This mode of energy transfer is characteristic of the CNS. In the autonomic nervous system, axons are often found covered with little or no myelin. Jumps between Schwann cells are not carried out, and the impulse passes much more slowly.

Compound

The myelin layer consists of two layers of lipids and three layers of protein. There are much more lipids in it (70-75%):

• phospholipids (up to 50%);
• cholesterol (25%);
• glaktocerebroside (20%), etc.

The protein layers are thinner than the lipid ones. The protein content in myelin is 25-30%:

• proteolipid (35-50%);
• myelin basic protein (30%);
• Wolfgram proteins (20%).

There are simple and complex proteins of the nervous tissue.

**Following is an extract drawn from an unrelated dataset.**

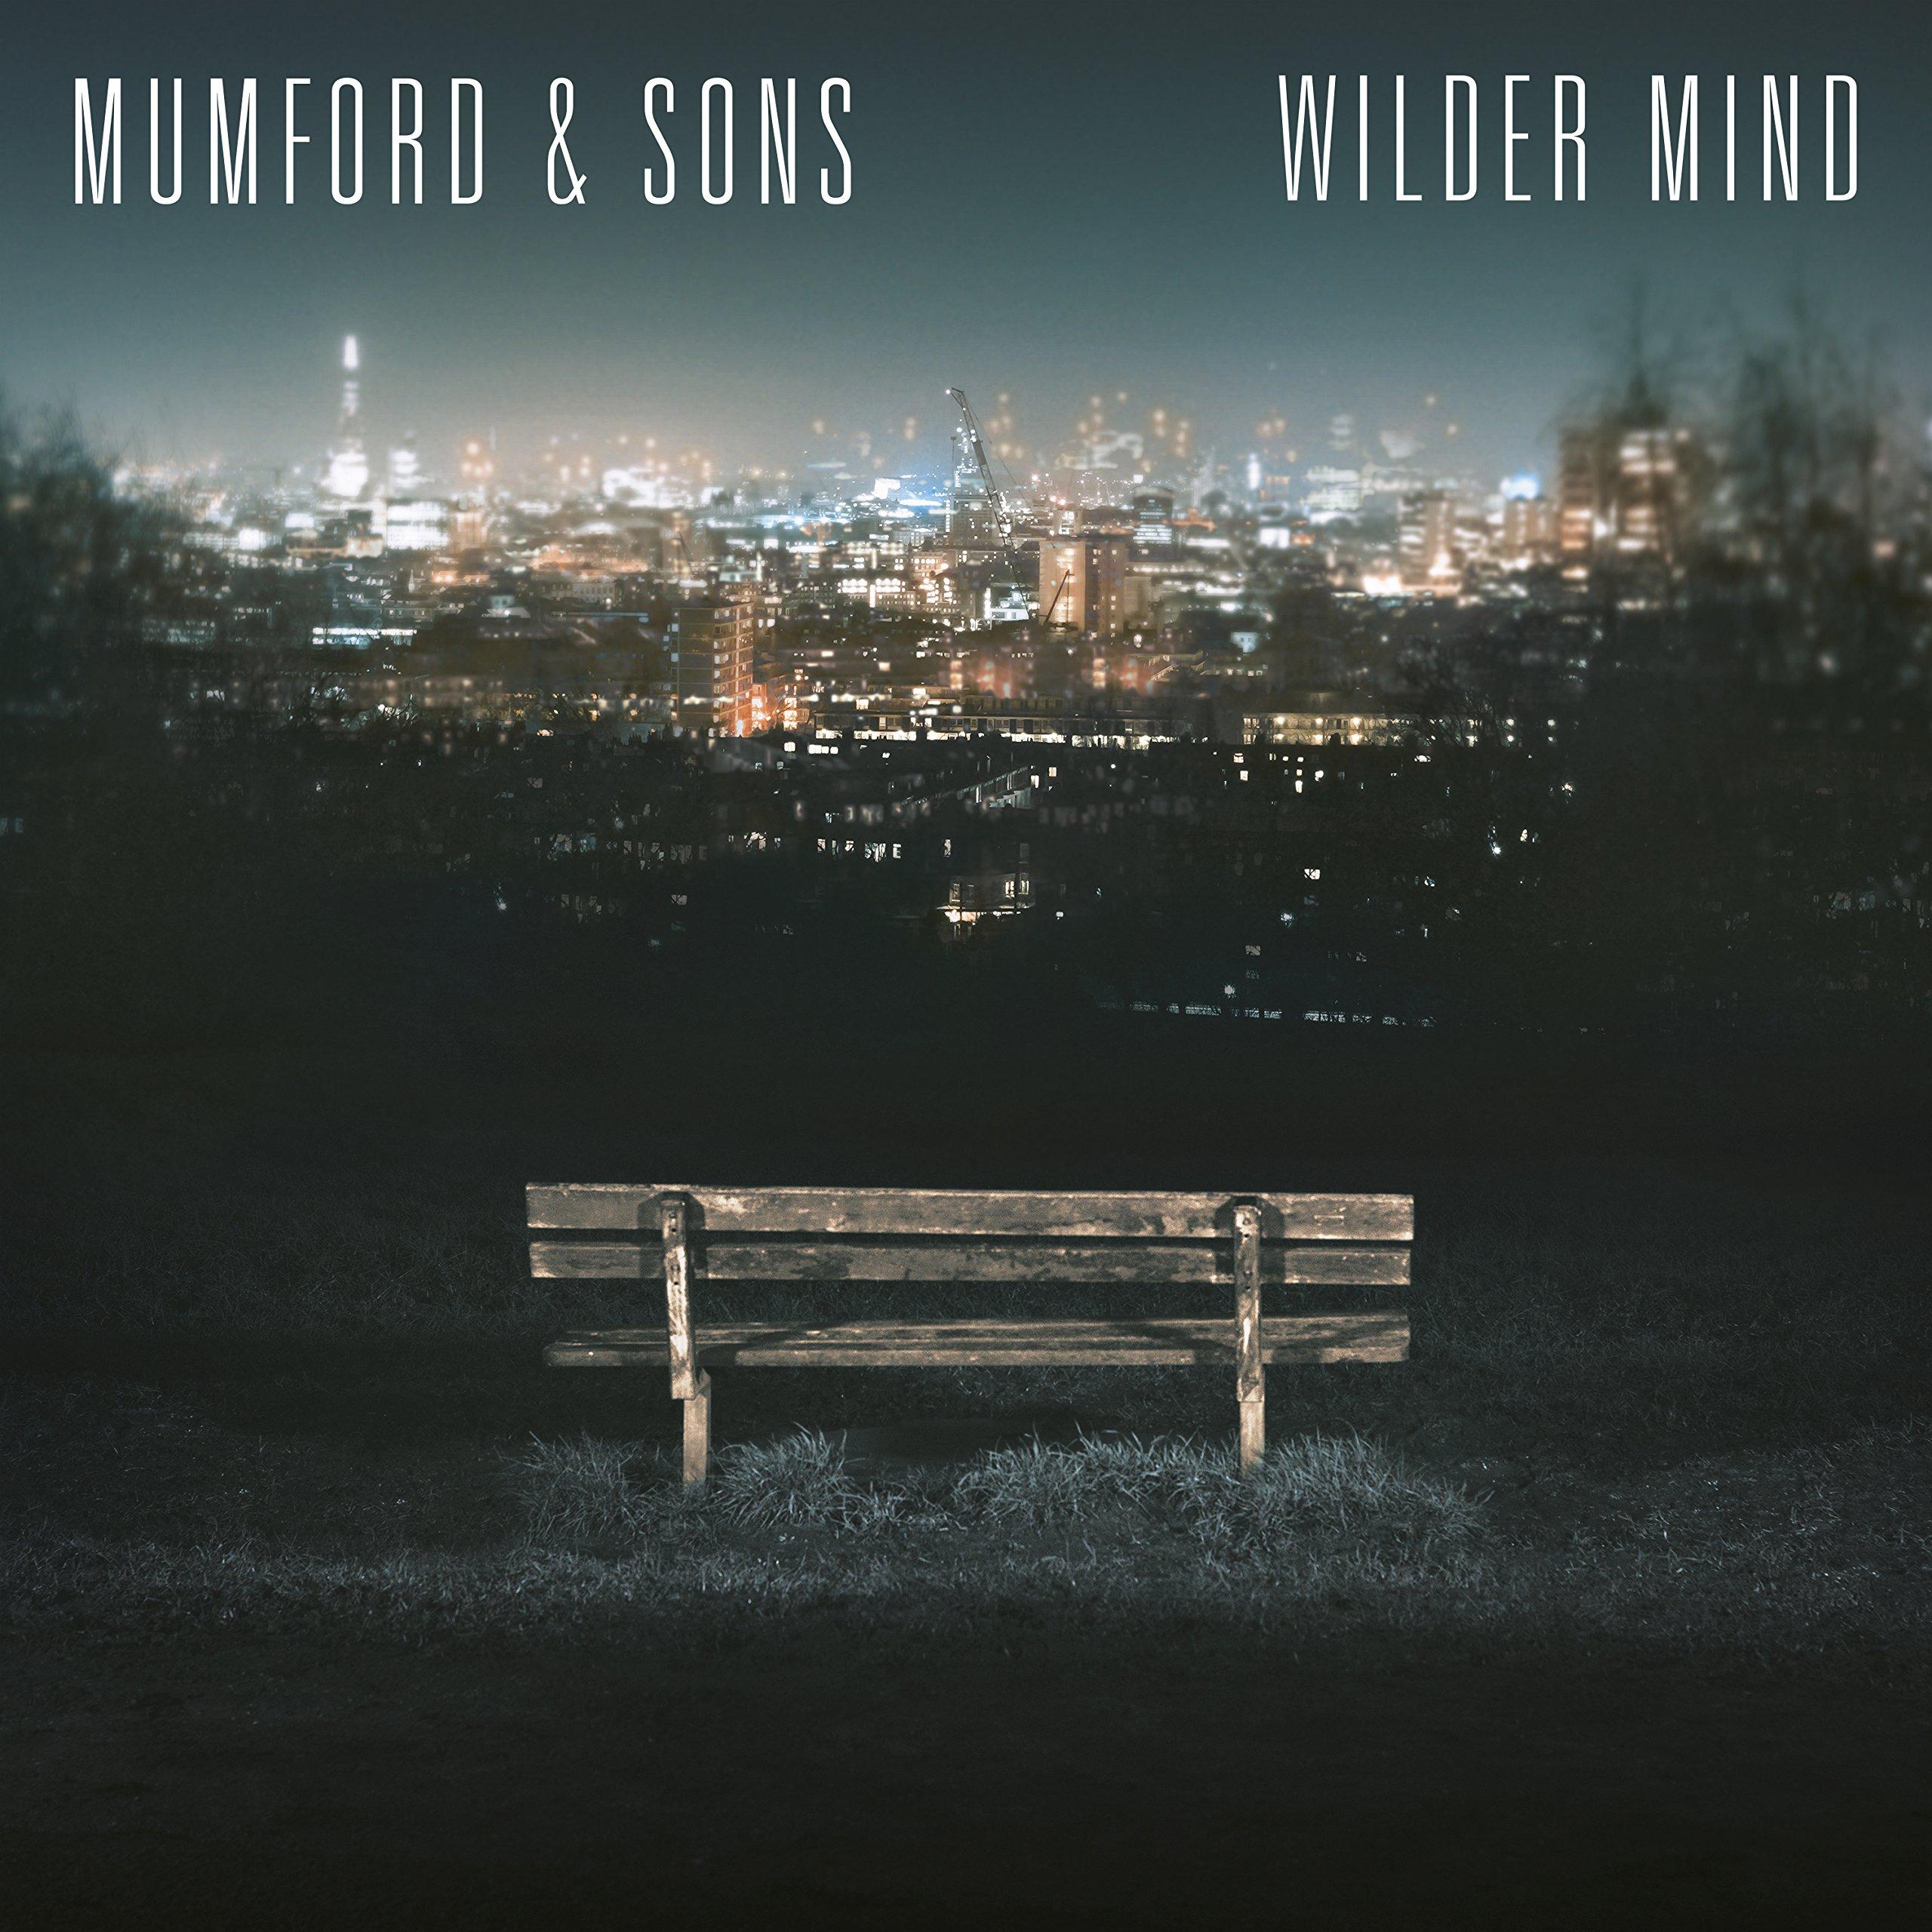 CD : Mumford & Sons - Wilder Mind (CD)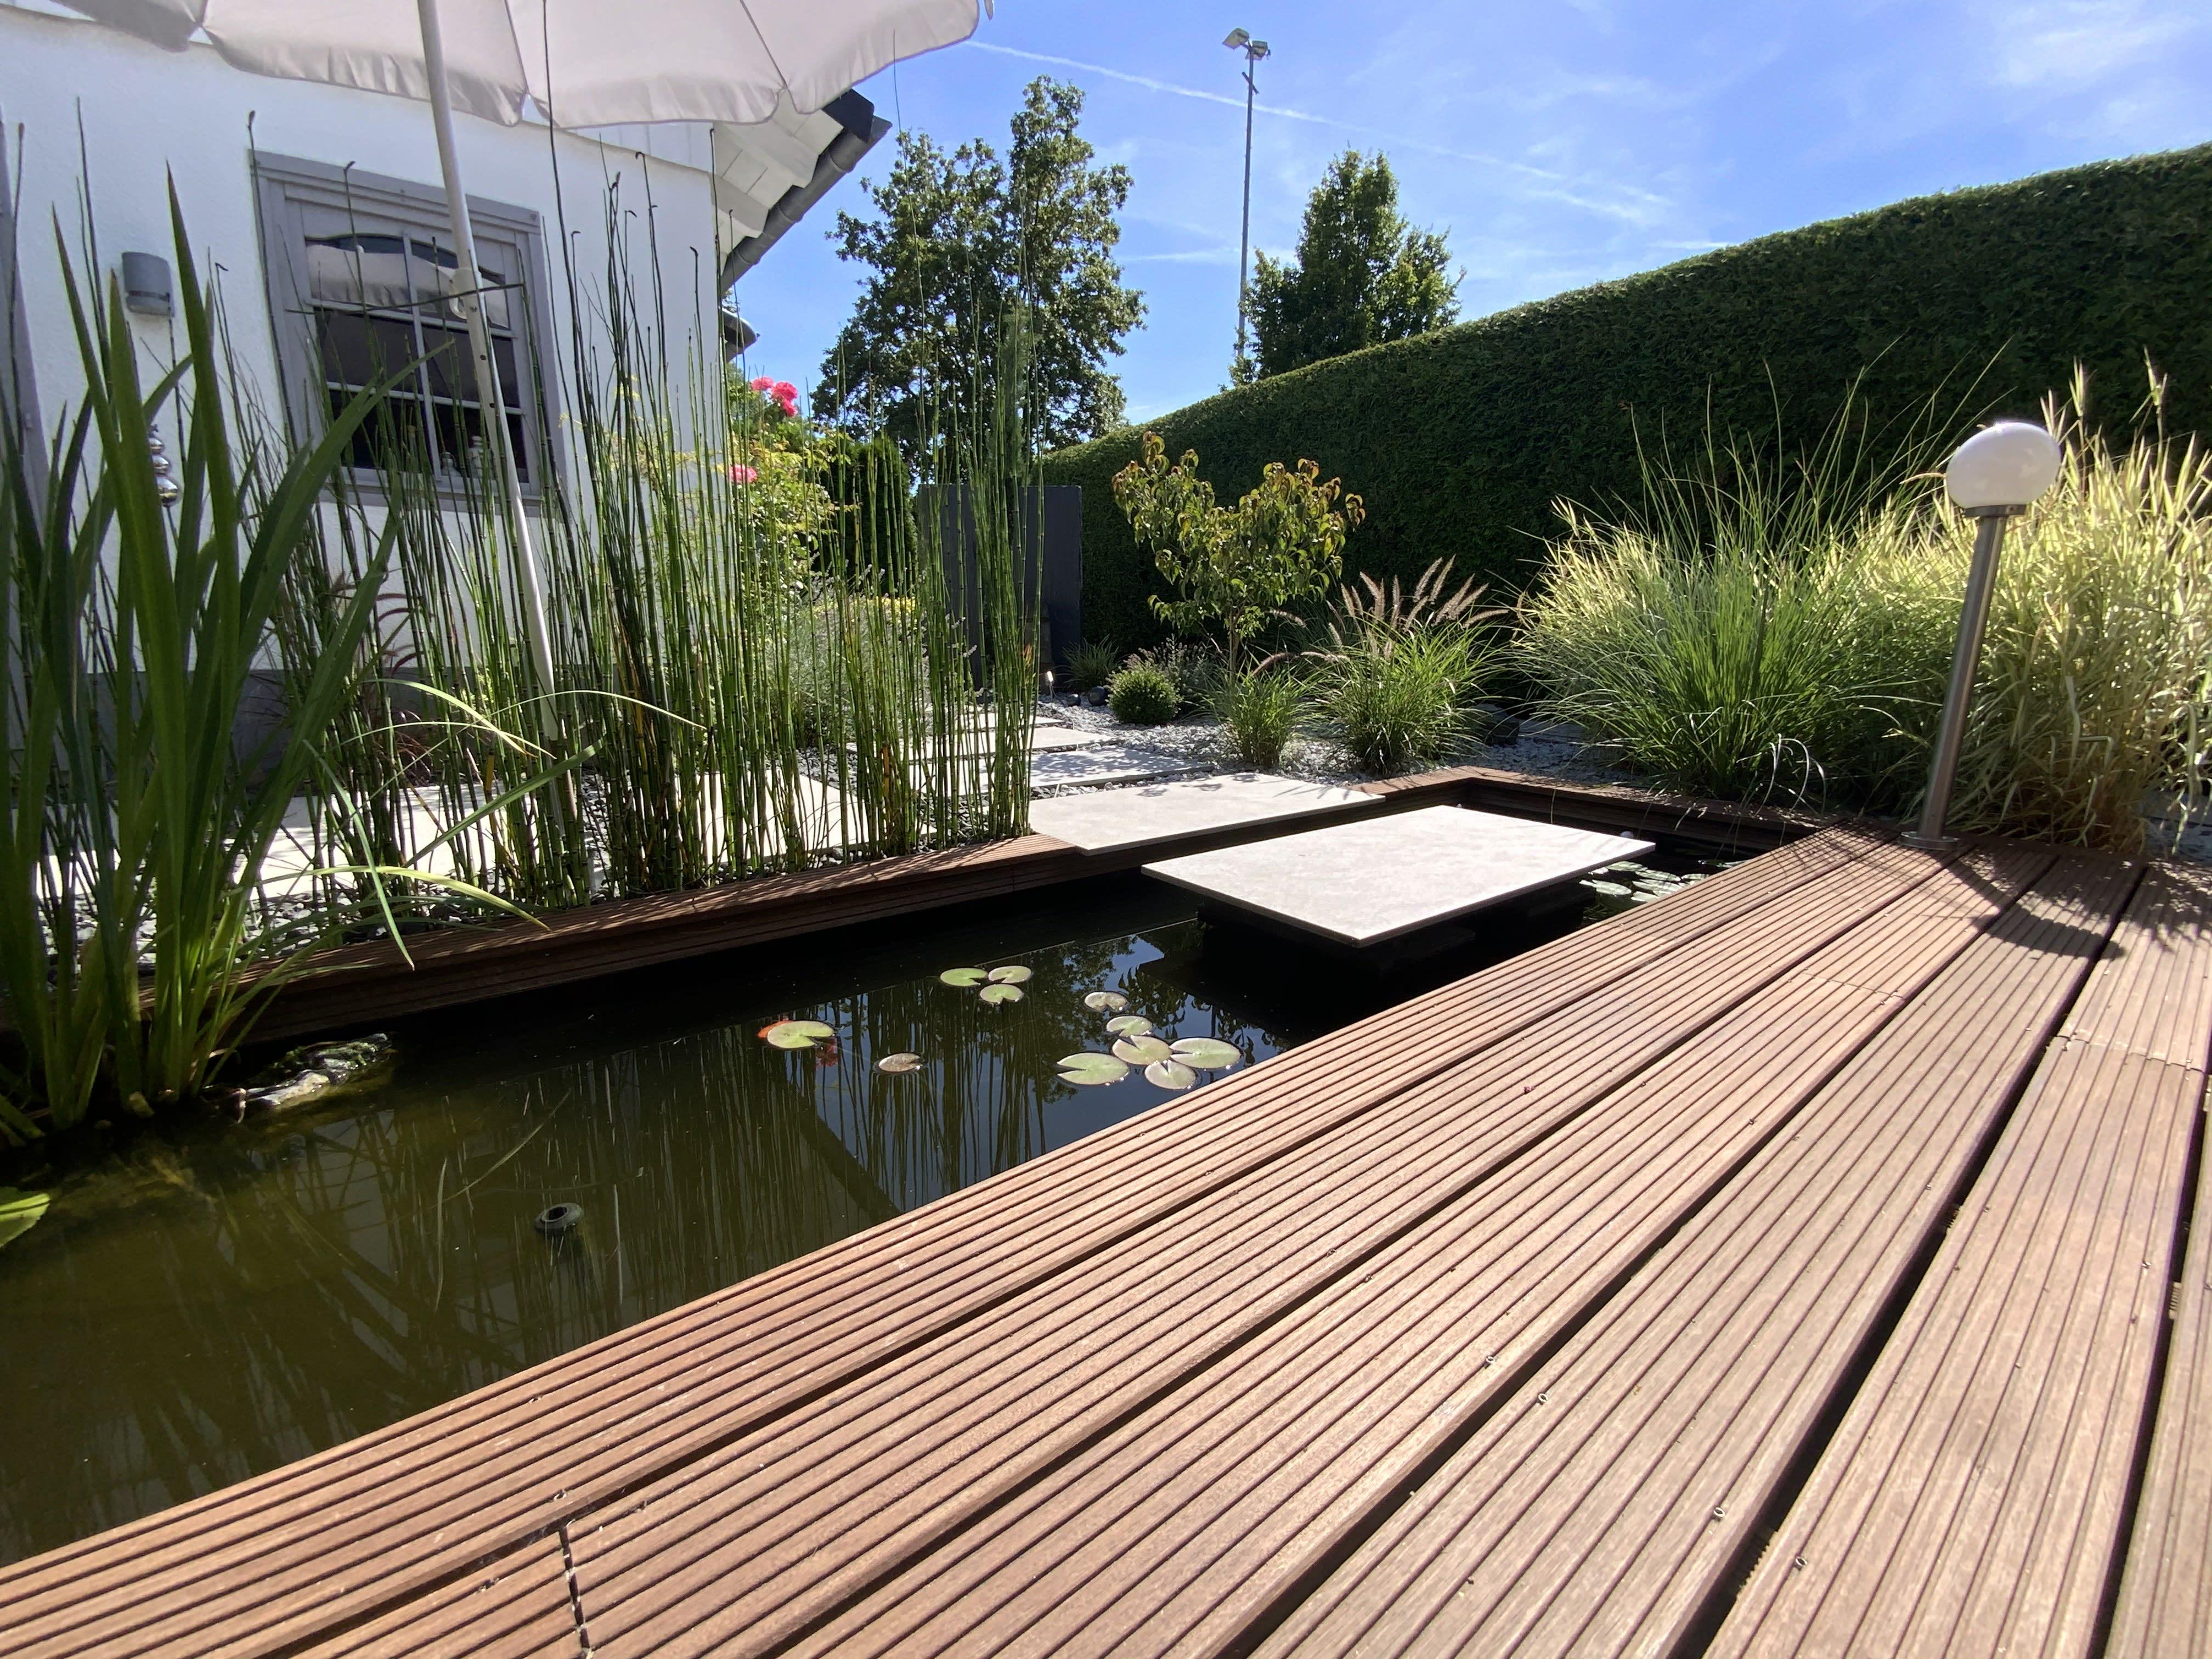 Garten mit Teich und Holzterrasse

The role of lipids in the structure of the shell

Lipids play a key role in the structure of the pulp membrane. They are the structural material of the nervous tissue and protect the axon from the loss of energy and ion currents. Lipid molecules have the ability to restore brain tissue after damage. Myelin lipids are responsible for the adaptation of the mature nervous system. They act as hormone receptors and communicate between cells.

The role of proteins

Of no small importance in the structure of the myelin layer are protein molecules. They, along with lipids, act as a building material of the nervous tissue. Their main task is to transport nutrients to the axon. They also decipher the signals entering the nerve cell and speed up the reactions in it. Participation in metabolism is an important function of myelin sheath protein molecules.

Myelination defects

Destruction of the myelin layer of the nervous system is a very serious pathology, due to which there is a violation of the transmission of the nerve impulse. She calls dangerous diseases often incompatible with life. There are two types of factors that influence the occurrence of demyelination:

• genetic predisposition to the destruction of myelin;
• influence on myelin of internal or external factors.
• Demyelization is divided into three types:
• acute;
• remitting;
• acute monophasic.

Why destruction occurs

Most common causes destruction of the pulpy membrane are:

• rheumatic diseases;
• a significant predominance of proteins and fats in the diet;
• genetic predisposition;
• bacterial infections;
• heavy metal poisoning;
• tumors and metastases;
• prolonged severe stress;
• bad ecology;
• pathology of the immune system;
• long-term use of neuroleptics.

Diseases due to demyelination

Demyelinating diseases of the central nervous system:

1. Canavan disease – genetic disease arising in early age. It is characterized by blindness, problems with swallowing and eating, impaired motor skills and development. Epilepsy, macrocephaly and muscular hypotension are also a consequence of this disease.
2. Binswanger's disease. Most often caused arterial hypertension. Patients expect thinking disorders, dementia, as well as violations of walking and the functions of the pelvic organs.
3. . May cause damage to several parts of the CNS. He is accompanied by paresis, paralysis, convulsions and impaired motor skills. Also, as symptoms of multiple sclerosis are behavioral disorders, weakening of the facial muscles and vocal cords, impaired sensitivity. Vision is disturbed, the perception of color and brightness changes. Multiple sclerosis is also characterized by disorders of the pelvic organs and degeneration of the brainstem, cerebellum, and cranial nerves.
4. Devic's disease- demyelination in optic nerve and spinal cord. The disease is characterized by impaired coordination, sensitivity and functions of the pelvic organs. It is distinguished by severe visual impairment and even blindness. AT clinical picture paresis, muscle weakness and autonomic dysfunction are also observed.
5. Osmotic demyelination syndrome. It occurs due to a lack of sodium in the cells. Symptoms are convulsions, personality disorders, loss of consciousness up to coma and death. The consequence of the disease are cerebral edema, hypothalamic infarction and hernia of the brain stem.
6. Myelopathy- various dystrophic changes in the spinal cord. They are characterized by muscle disorders, sensory disturbances, and pelvic organ dysfunction.
7. Leukoencephalopathy- destruction of the myelin sheath in the subcortex of the brain. Patients suffer from constant headache and epileptic seizures. There are also visual, speech, coordination, and walking impairments. Sensitivity decreases, personality and consciousness disorders are observed, dementia progresses.
8. Leukodystrophy- a genetic metabolic disorder that causes the destruction of myelin. The course of the disease is accompanied by muscle and movement disorders, paralysis, impaired vision and hearing, and progressive dementia.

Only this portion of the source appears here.